As Carol Deppe correctly points out, field corn is the grain of choice for a number of reasons. We like the heirloom Bloody Butcher dent field corn for two important reasons: it has the best and most prop roots of any corn I’ve ever seen. This reduces wind damage. Secondly the ears are 5 to 6 feet above the ground and too high for the (expletive deleted) raccoons to reach. Around here both coyotes and raccoons will devastate any sweet corn, so we do not bother with it. Plant seeds 1” deep and 8-9 inches apart, only after the soil is warm. Side dress with 23-7-7 enhanced fertilizer. Your corn leaves should be VERY green if they are getting enough nitrogen. Note that corn is wind pollinated and a corn patch best have at least six adjacent rows. One may always tell a newbie veggie gardener as they will have only one row of corn. Our yield per 100 feet of row is around 40 pounds dry shelled corn. Please note that corn is sold by the bushel, NOT by the protein content. Commercial hybrid corn cultivars are selected to have the most bushels per acre. In doing this, the protein content of the dry corn is considerably less than old heirloom corn with lower bushels per acre.

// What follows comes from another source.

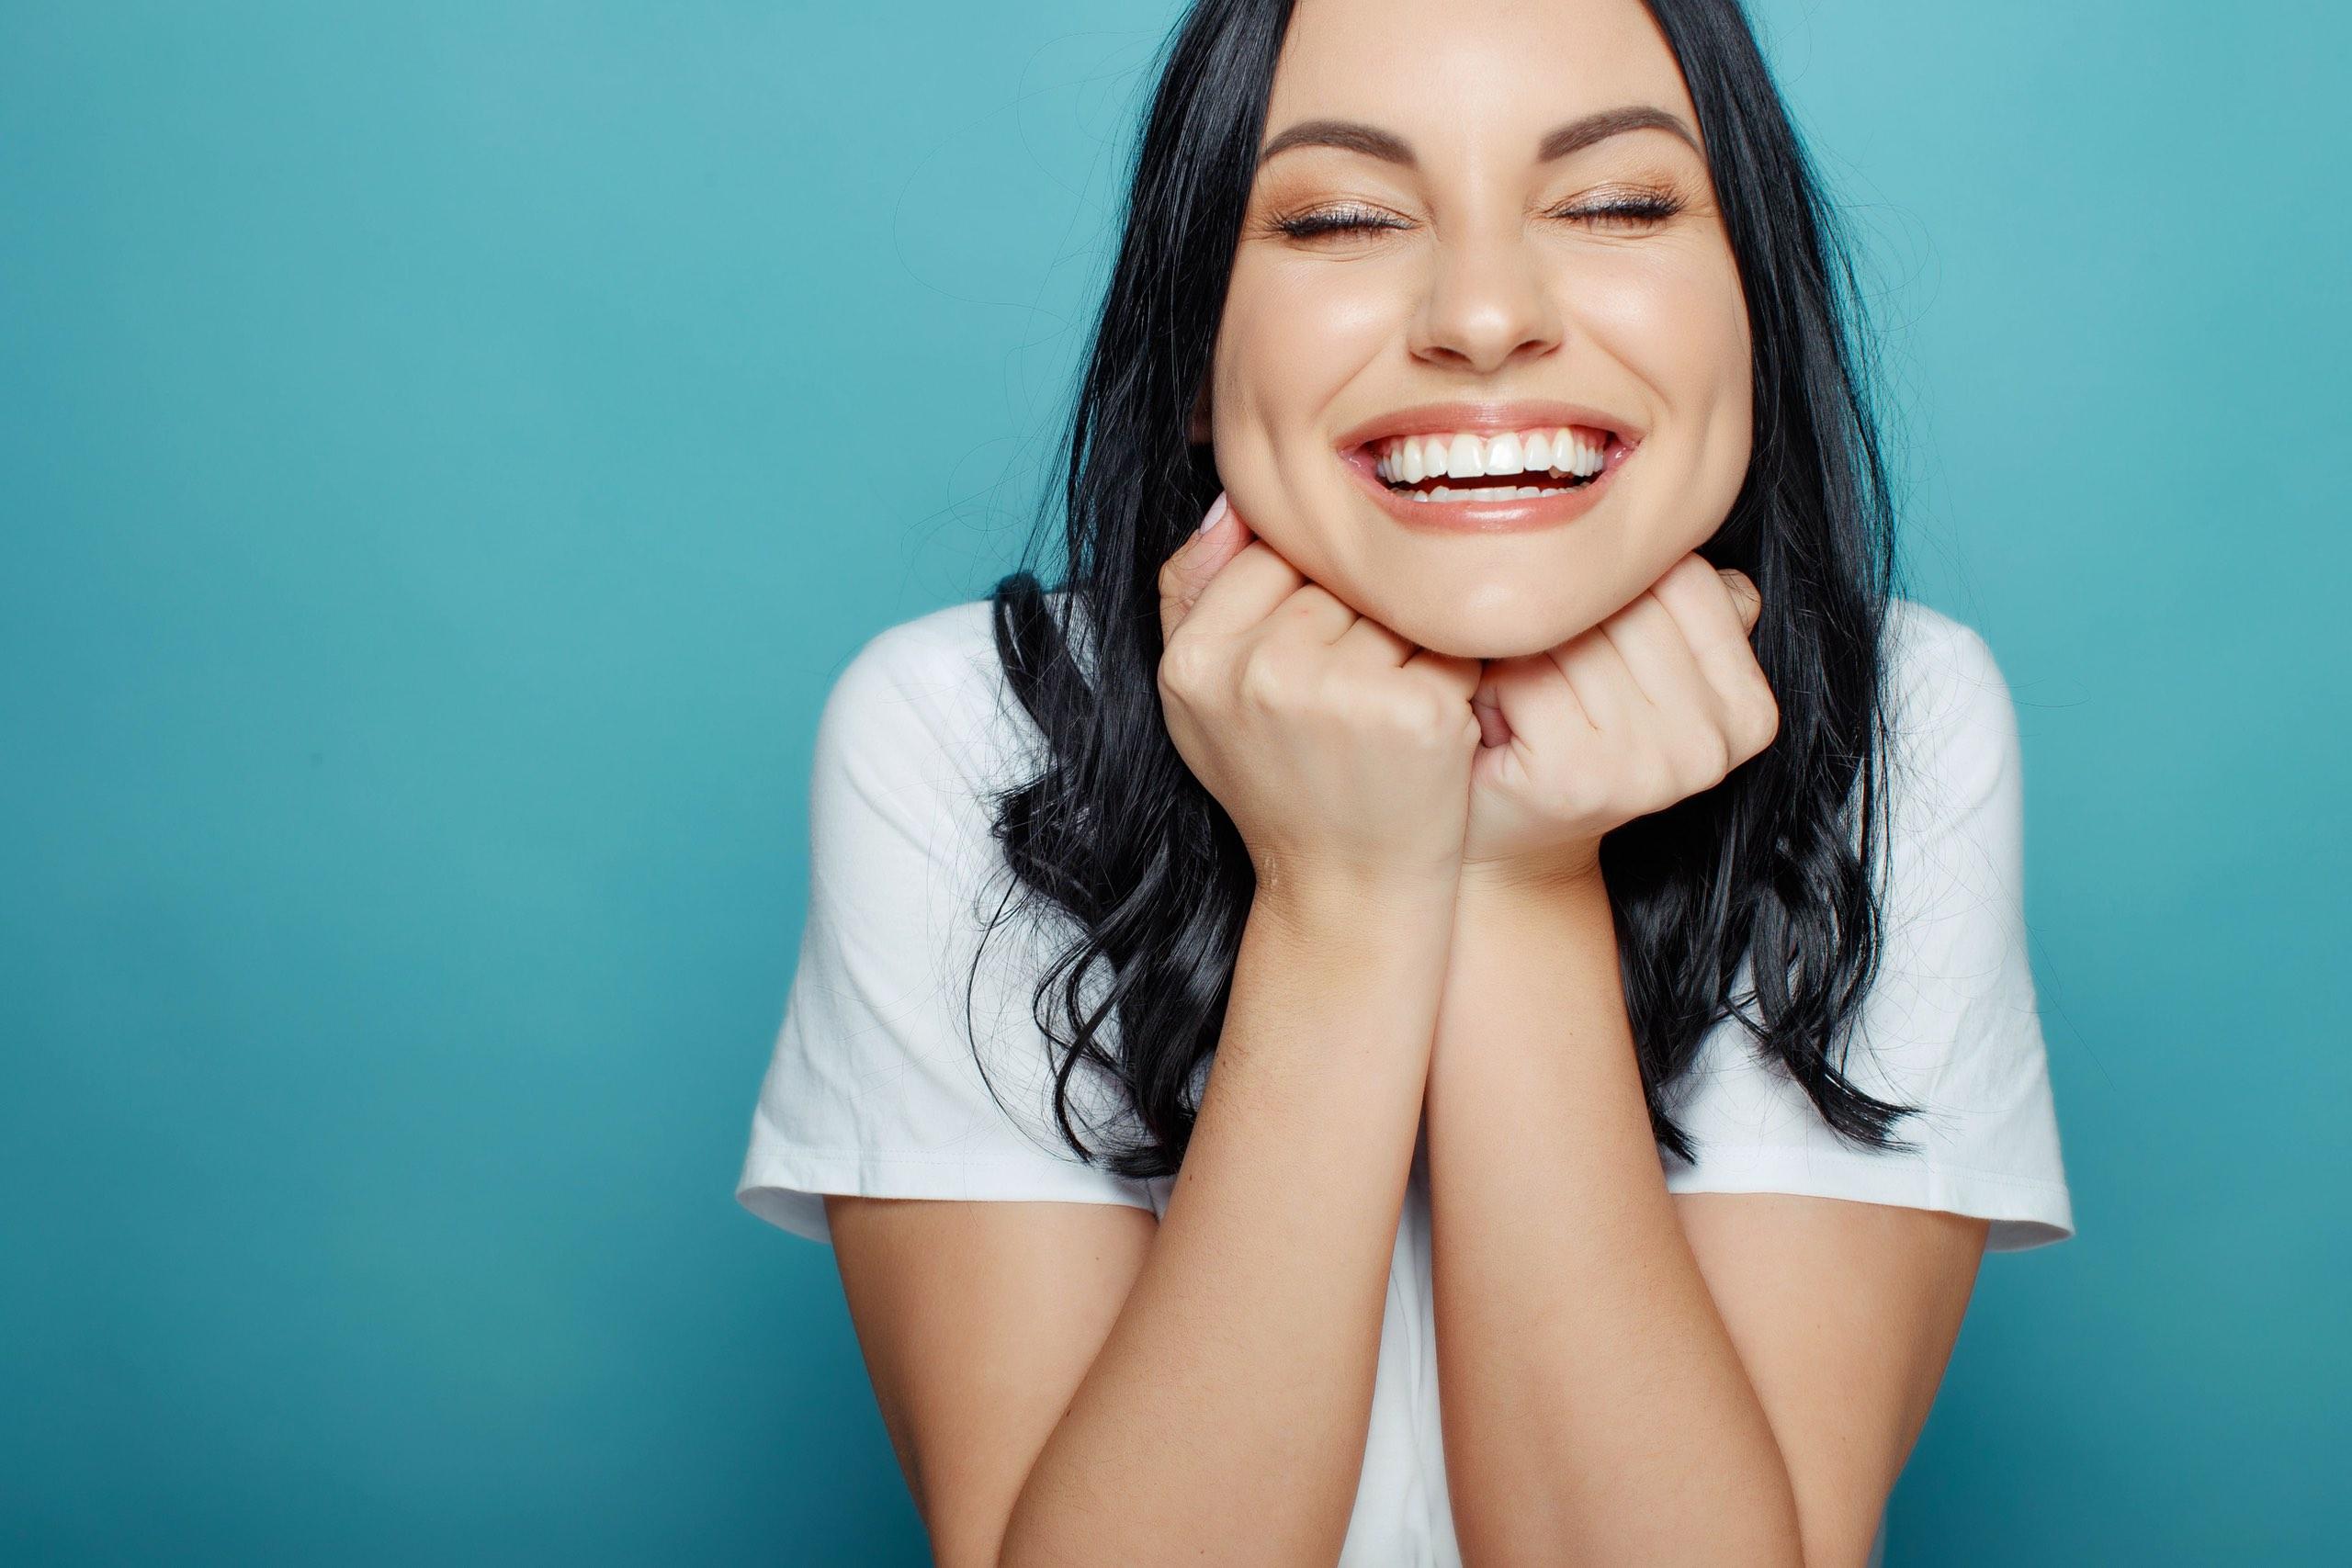 imagen de dental linares filosofia slow clinica dental

Now it is critical to note that the niacin in corn is unavailable unless the corn is heated with alkali. In MesoAmerica, folks made tortillas with corn meal and wood ash. One may make hominy by slowly boiling corn with alkali. In Little House on the Prairie, hominy was made by putting wood ashes into a small cotton bag and boiling until the skins came off. Both methods make niacin available. Pellagra results from niacin deficiency. In one of Joe Nobody’s novels a community living off mostly corn suffered badly from pellagra.